> TASK TO COMPLETE
Nothing may be left out of the listing below but its images; repeat the rest exactly.

> PROVIDED MATERIAL
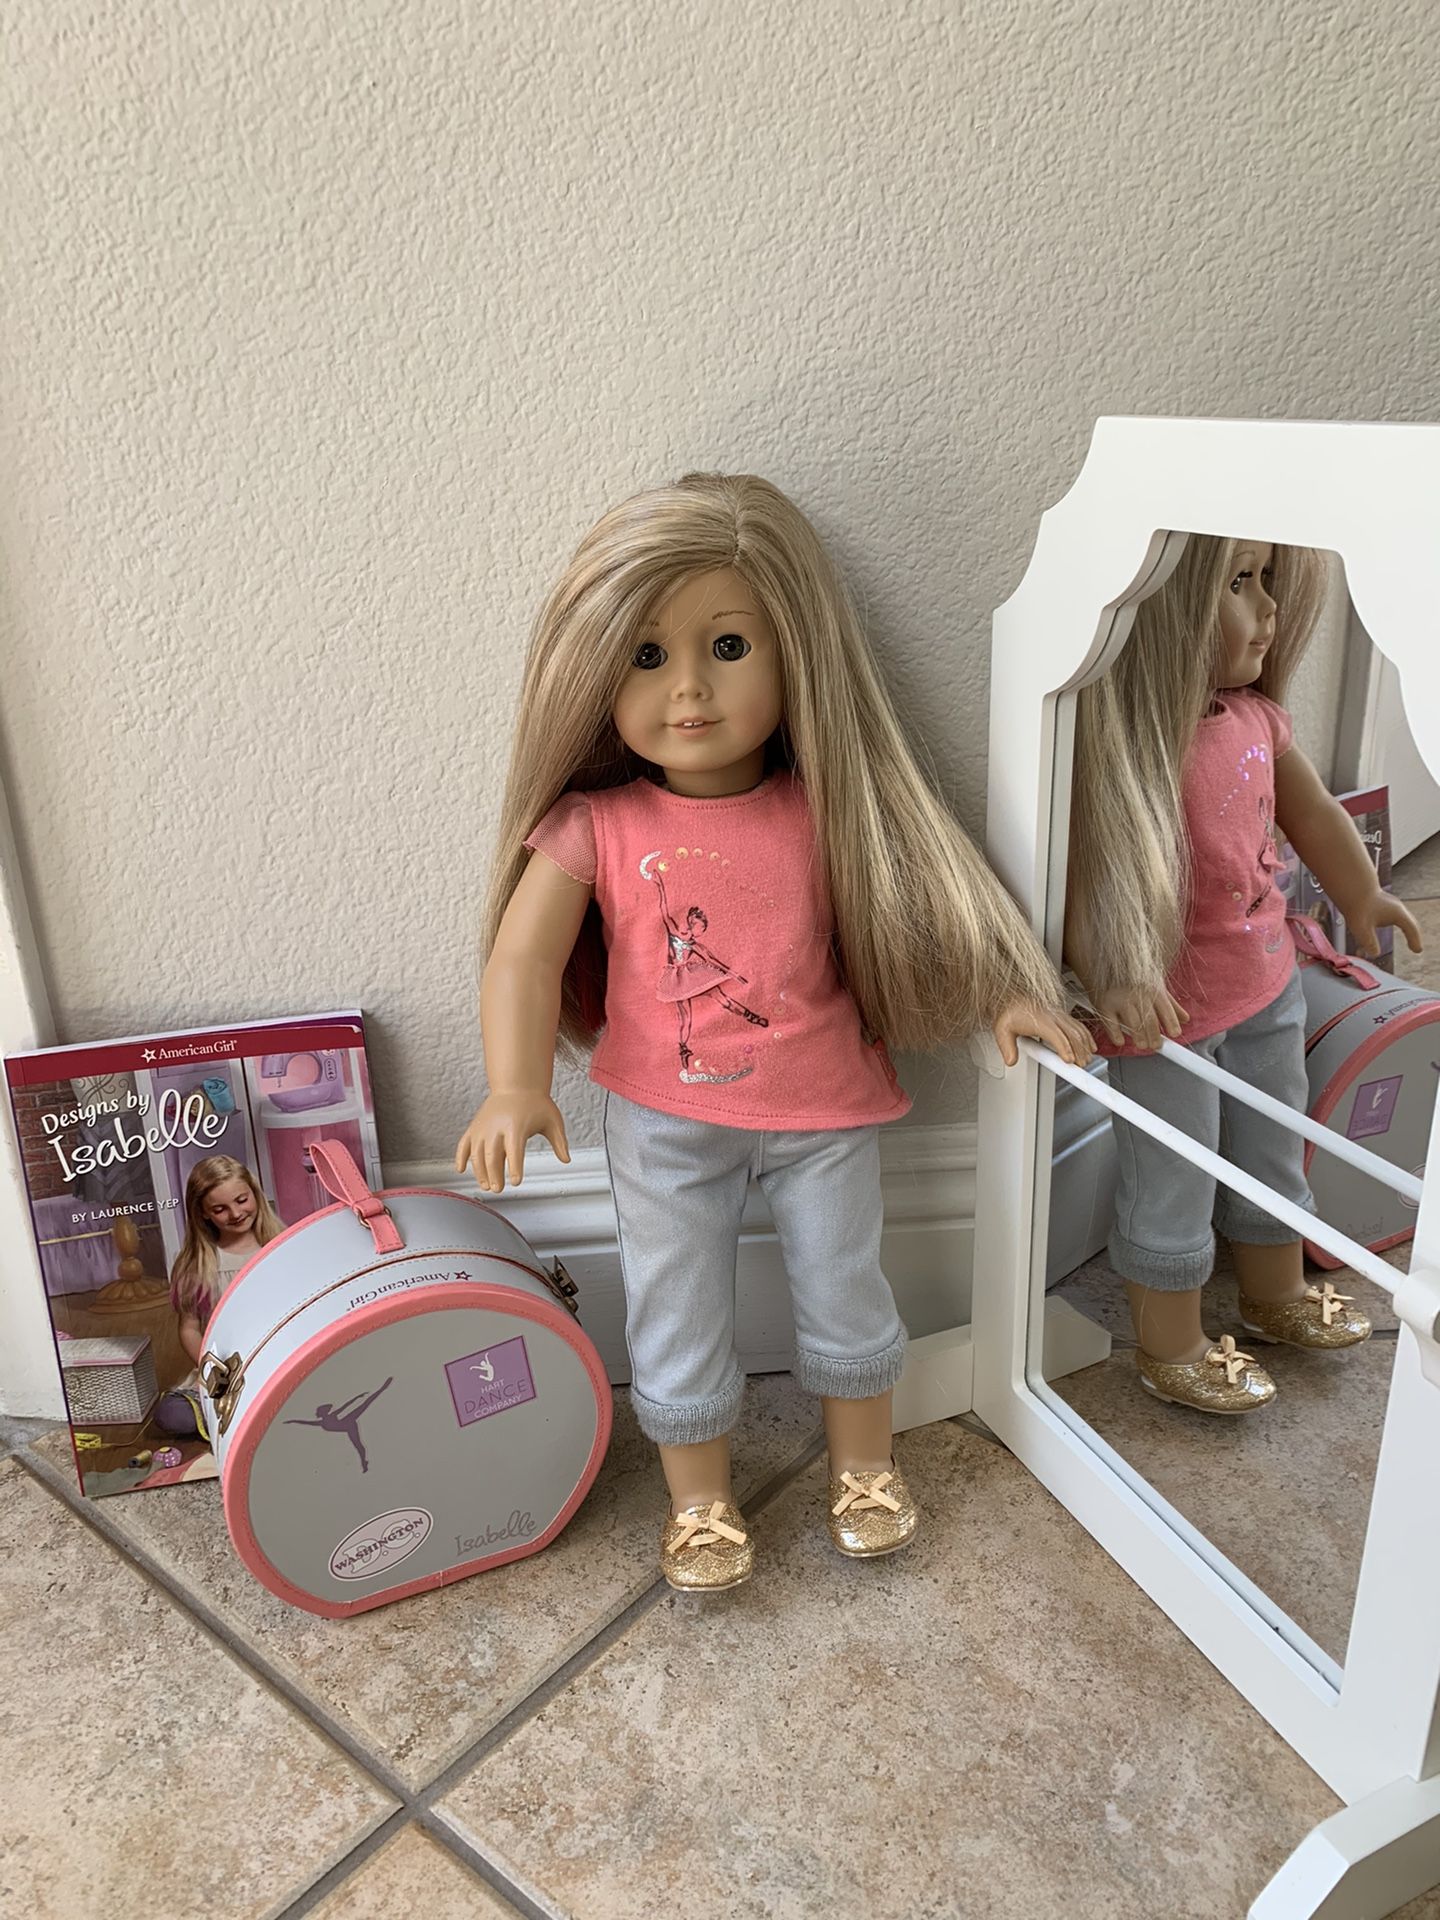 American girl doll Isabell and pottery barn kids ballet mirror
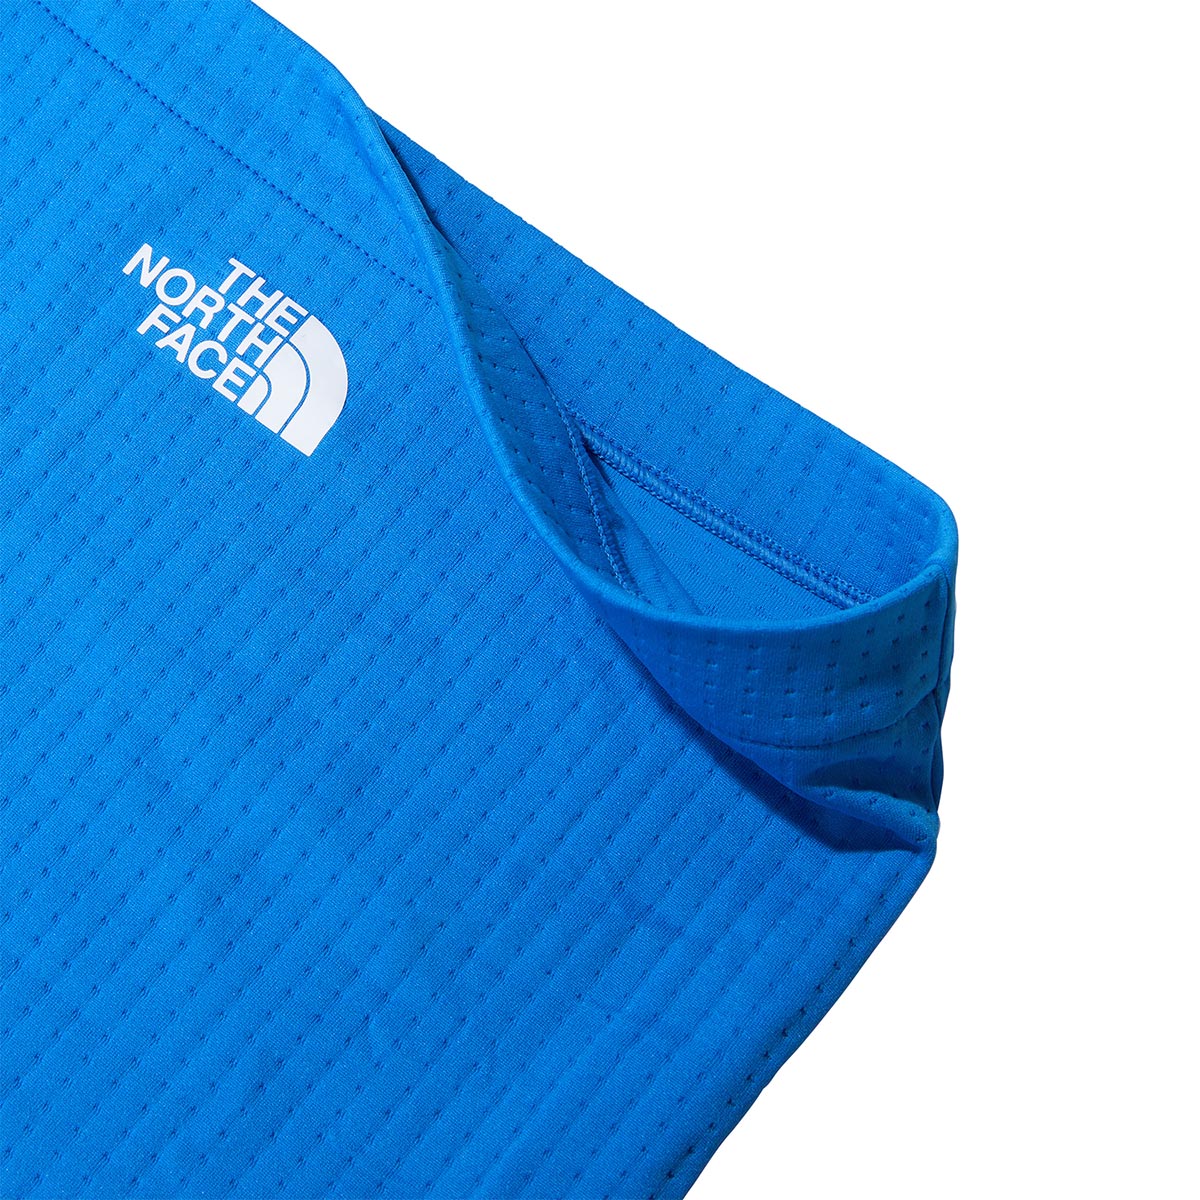 THE NORTH FACE - FASTECH NECK WARMER
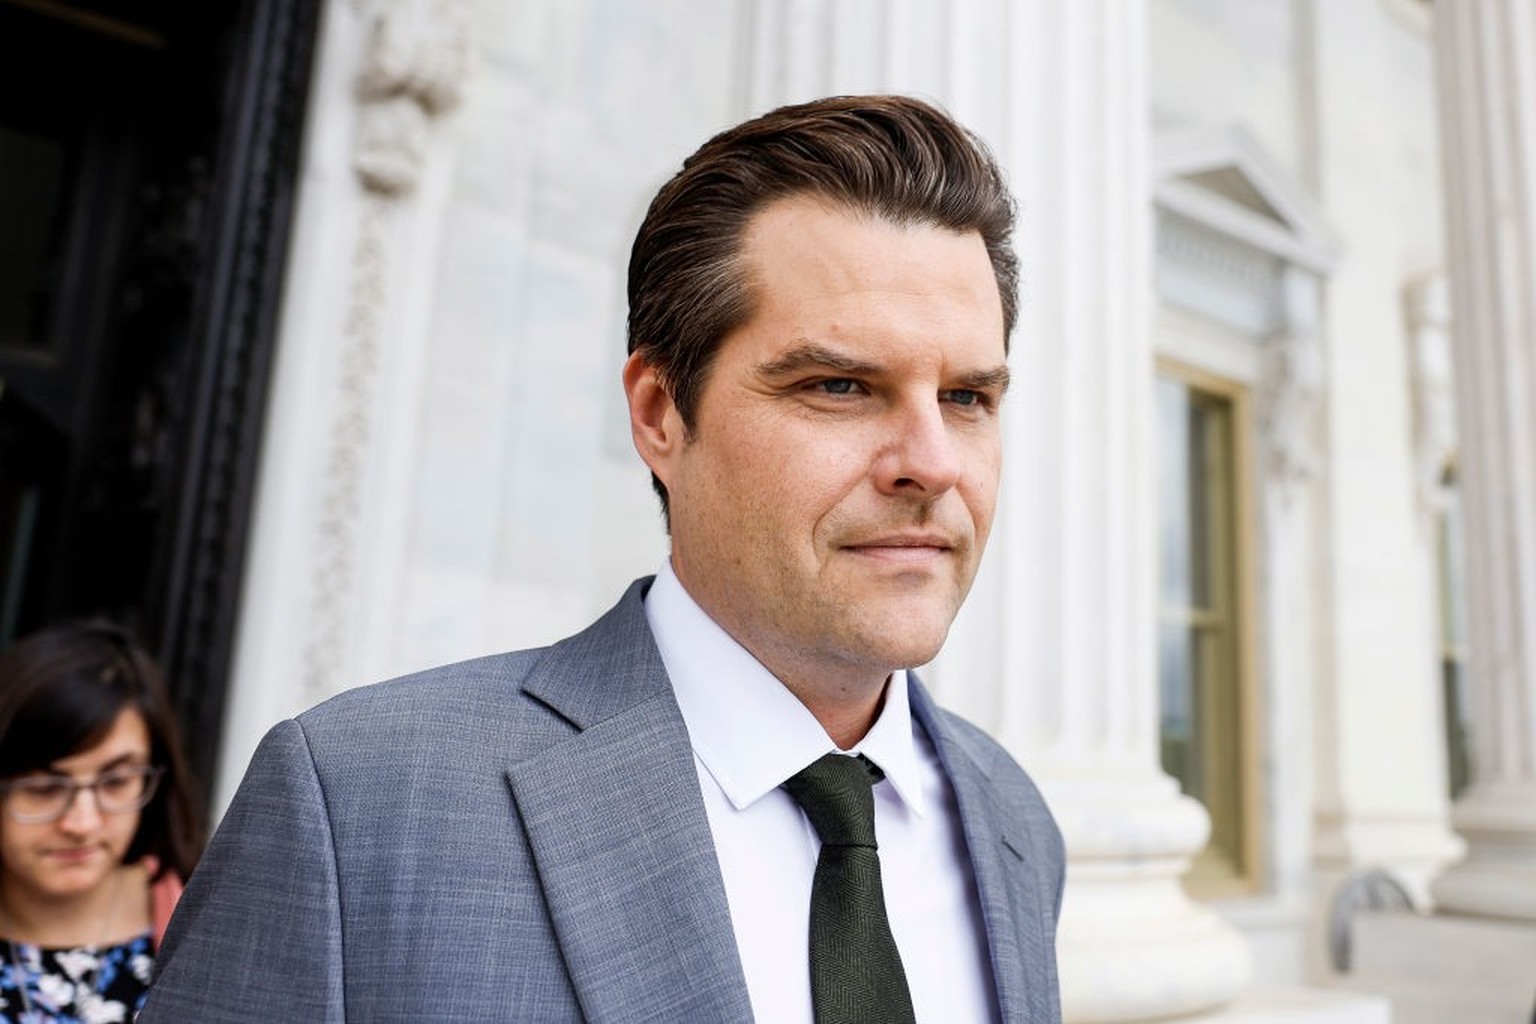 WASHINGTON, DC - SEPTEMBER 29: Rep. Matt Gaetz (R-FL) departs from the U.S. Capitol Building on September 29, 2023 in Washington, DC. The House of Representatives failed to pass a temporary funding bi ...
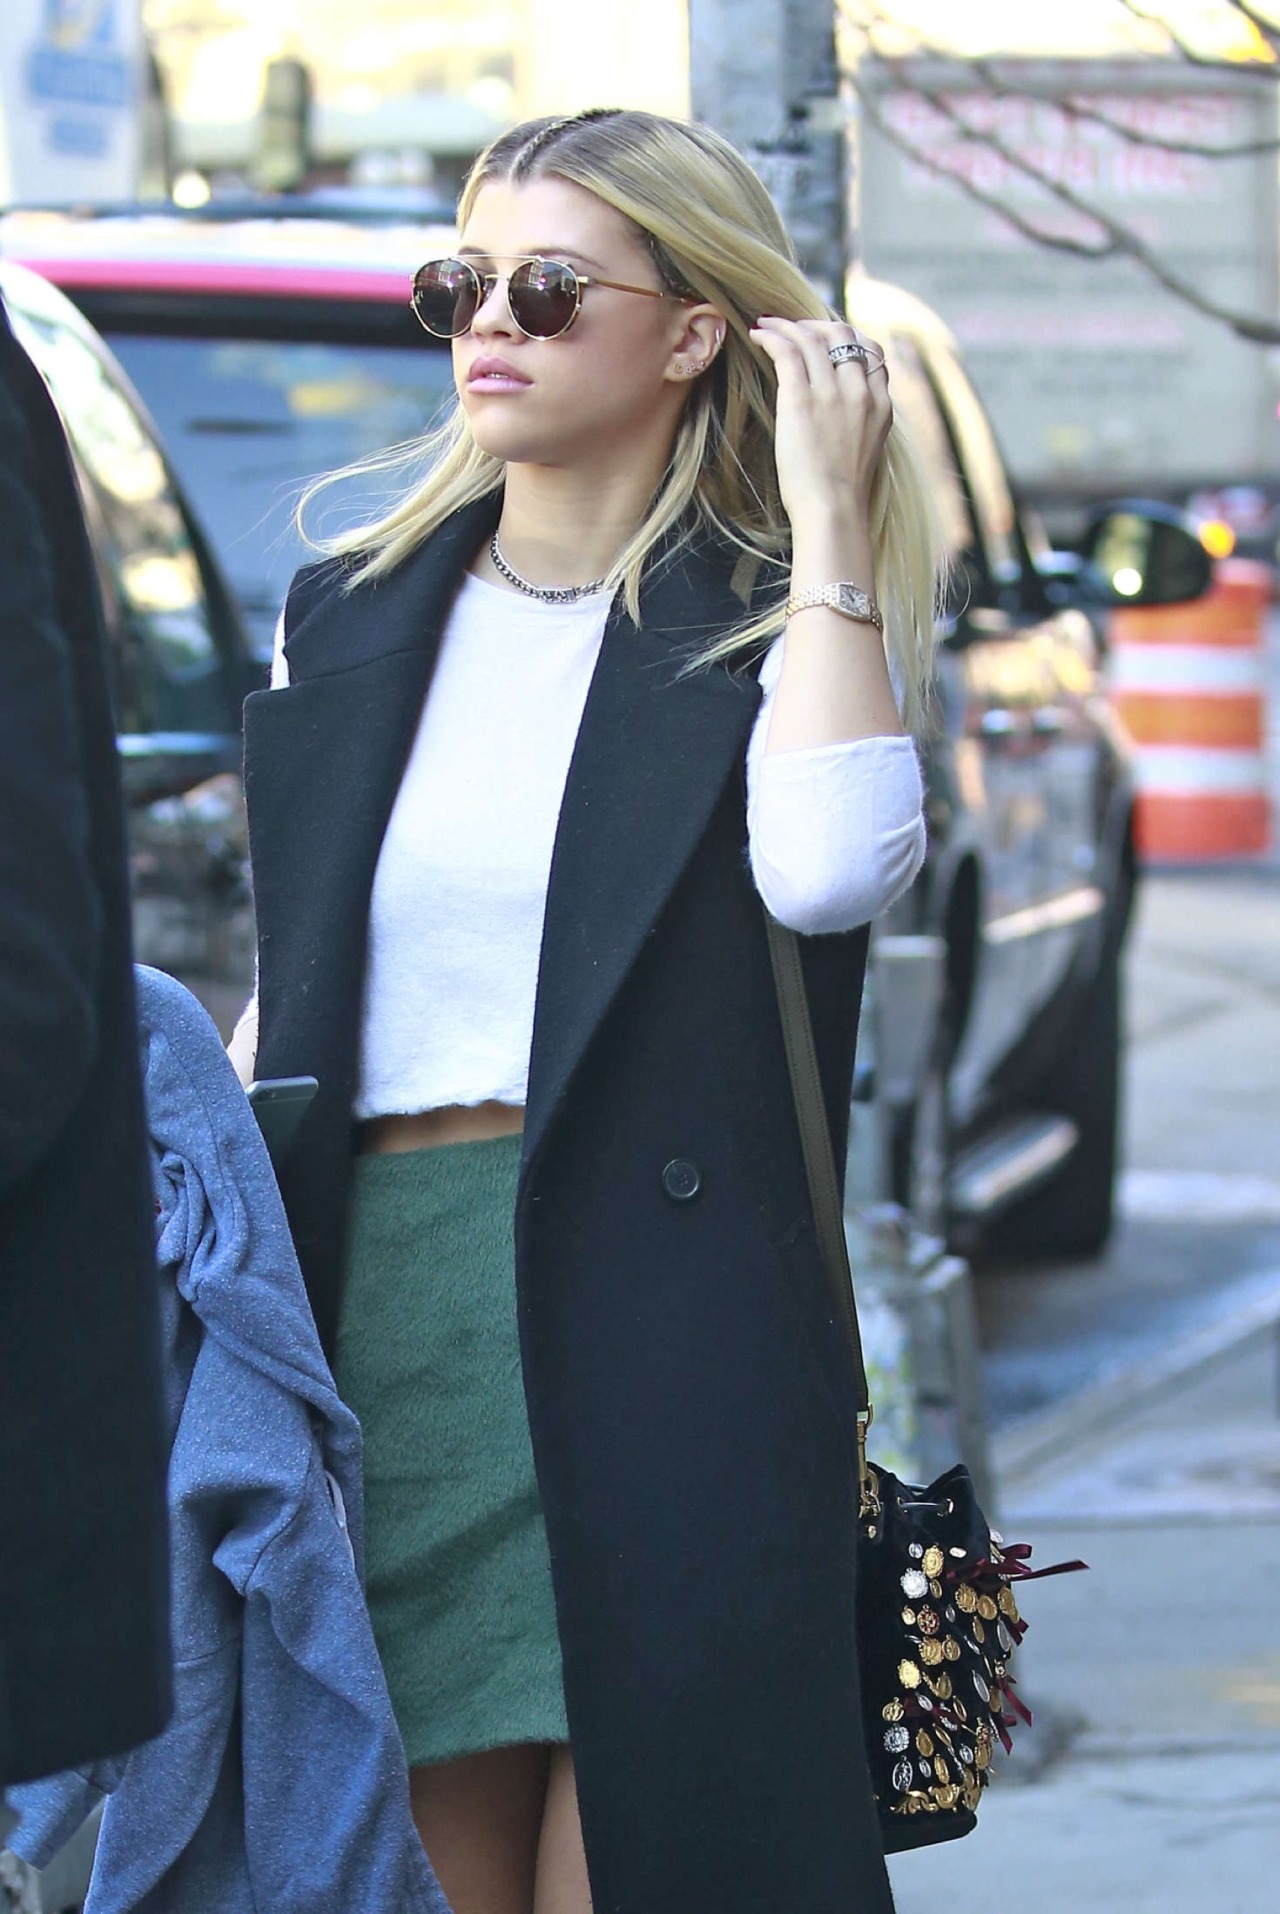 March 17, 2016 - Sofia Richie out & about in the Meat Packing District in New York City.

> RESPONSE
 American girl doll Isabell and pottery barn kids ballet mirror
 THE NORTH FACE - FASTECH NECK WARMER
 WASHINGTON, DC - SEPTEMBER 29: Rep. Matt Gaetz (R-FL) departs from the U.S. Capitol Building on September 29, 2023 in Washington, DC. The House of Representatives failed to pass a temporary funding bi ...
 March 17, 2016 - Sofia Richie out & about in the Meat Packing District in New York City.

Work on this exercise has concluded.